# Adding sugar to a customers drink



## Glenn

*Would you add sugar or sweetener to a customers drink if asked?*​
Yes I would770.00%No I wouldn't330.00%Undecided at this time00.00%


----------



## Glenn

If asked, do you or would you add sugar or sweetener to a customers drink?

I haven't heard of many requests when out and about in cafes in the UK but in the US this practise seems common.

One of the more ridiculous examples I heard was "Double decaf skinny mochaccino with 2 sweeteners"

Do you? / Would you? or are you undecided?


----------



## chrisweaver_barista

no, no and no! they can do it themselves


----------



## R-James

I personally used to take 2 sugars in my coffee when I bought supermarket pre vac packed grounds. I feel now if the coffee is done right it should never need sugar, it should speak for itsself.


----------



## SeamusMcFlurry

If we don't do it they will. Then they stir your lovely cappuccino milk till the foam is gone, or fe'k up your lovely bit of latte art. Sugar in first, espresso second, means there's no need to stir.

Oh, and Glenn, try a 16oz latte with 16 white sugars. Seriously, he came back every day for a week. Was mental. And he NEVER cleaned up after himself, lazy sod.


----------



## YouriV

Yep, definitely. If the customer asks me to add sugar then I will do this.

This customer must have some service expectations and is probably the kind that would complain to friends if you tell them to add their own sugar. Another reason is customer service, it's my job as a barista to serve the customer a drink the way they like it. Another reason is that some people think that a cappuccino taste better when the sugar is added to the espresso first and not afterwards









It's a funny thing but then again, I am sure we have seen many funny things when working as a barista!

I met a guy once who used so much sugar that his doctor told him not to stop having sugar as it would have serious effects on his body. Uhm...


----------



## ash_porter

they can add their own


----------



## YouriV

it depends as well as where you are and the set up of the shop. If I have time and it doesn't bother other customer then I really dont mind.


----------



## WOnet

If the customers ask, I will. That doesn't mean the customer is ALWAYS right. If it is something I can do, and it will make their overall experience better, and won't be immoral, unethical, or illegal, no problem. So, is it "unethical" to add sugar to someone's latte, if they request it, I don't think so. So if it is requested, I will be more then happy to do it.


----------



## AntonyO

If I'm on the bar, and I've not finished making their drink, ie. not put the milk in, and they have brought the sugar over, I will offer them to put the sugar in first, before I add the shots/milk; leaving them no need to waste a stirrer, and personally, i always find, if i'm adding sugar, its best to put it in first!

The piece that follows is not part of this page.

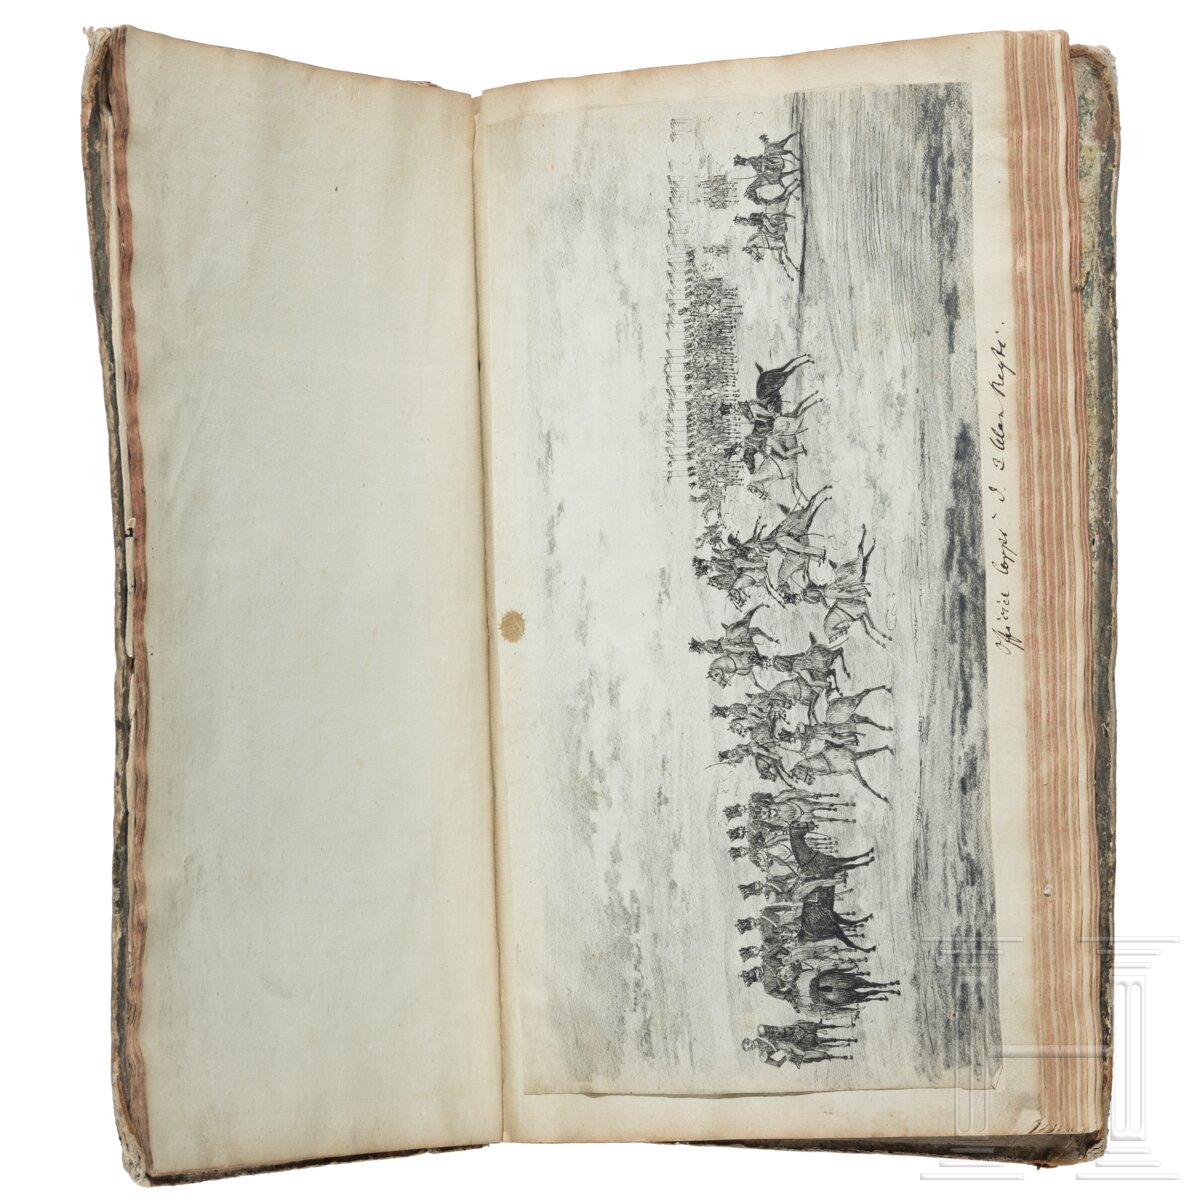 Album mit handgezeichneten Offiziersportraits, um 1830 - 1850 - Image 8 of 10

But.. if I'm on the till/calling the line, I will politely indicate where we keep our sugar..!!

-Antony


----------



## LeeWardle

I only tend to do it with customers that takeaway. We don't have a condiment stand to sugar is on tables and on the end of the bar/ servery for take out customers and to be honest it's a pain on the arse if they're messing about where o need to be pouring! Plus they nearly always leave the stick and packets on the bar leaving a mess.

With the milkier drinks I tend to suggest thY they try the coffee without as well-steamed milk is pretty sweet anyway and our espresso isn't bitter. But, there is no point getting annoyed be ause they are "spoiling" your drink, if they like it with sugar then they like it!

Lee


----------



## cold war kid

This question is interesting.Do you ask if the barista would be prepared to allow sugar to be added or if they would they be willing to do it for the customer?

If it's the latter then I would say let the lazy sods do it themselves( speaking purely as a none barista). If it's the former then what everybody needs to remember is that at the end of the day the only difference between a good coffee and a bad coffee is whether you like it or not.

You can have the most expensive coffee beans in the world, ground seconds before on a mazzer, tamped with exactly 30lbs of pressure and extracted at the perfect temp for optimum length of time, but if you don't like the resulting espresso then to you at least that's not a good espresso.

The world would be a seriously boring place if we all had the same tastes , likes and dislikes.


----------



## Glenn

Agreed.

The question was put out there to see how many baristas would or would not add sugar to a customers drink if asked

I have also asked a few baristas in cafes that I have visited (not that I add sugar to my coffee) and the response rates are about the same as online

30% said they would not and that the customer should add this afterwards if they wish

However, 70% would add it to the espresso then pour the milk on top after stirring.


----------



## DonRJ

I have an American friend who visits me occasionally and I always add the sugar he likes to his espresso, I try to add the sugar so that it is still resting on top of the crema when I hand it to him whilst he bets me that I can`t do it and laughs when I fail. When out and about I always expect to add my own sugar if I want any.

Don


----------



## BillyHey

Adding sugar to the cup before the espresso is called a cuban espresso (or cubano) and can taste different to adding it afterwards. It also saves destroying the crema with stirring.

I usually brew this way at home, but never thought to ask for it in a shop. Maybe I'll try and see what reaction I get.

Surely as a barista you should serve what the customer wants or asks for.


----------



## Glenn

BillyHey said:


> Surely as a barista you should serve what the customer wants or asks for.


Absolutely, however some baristas or cafes have funny ideologies that get in the way of their customers requests.


----------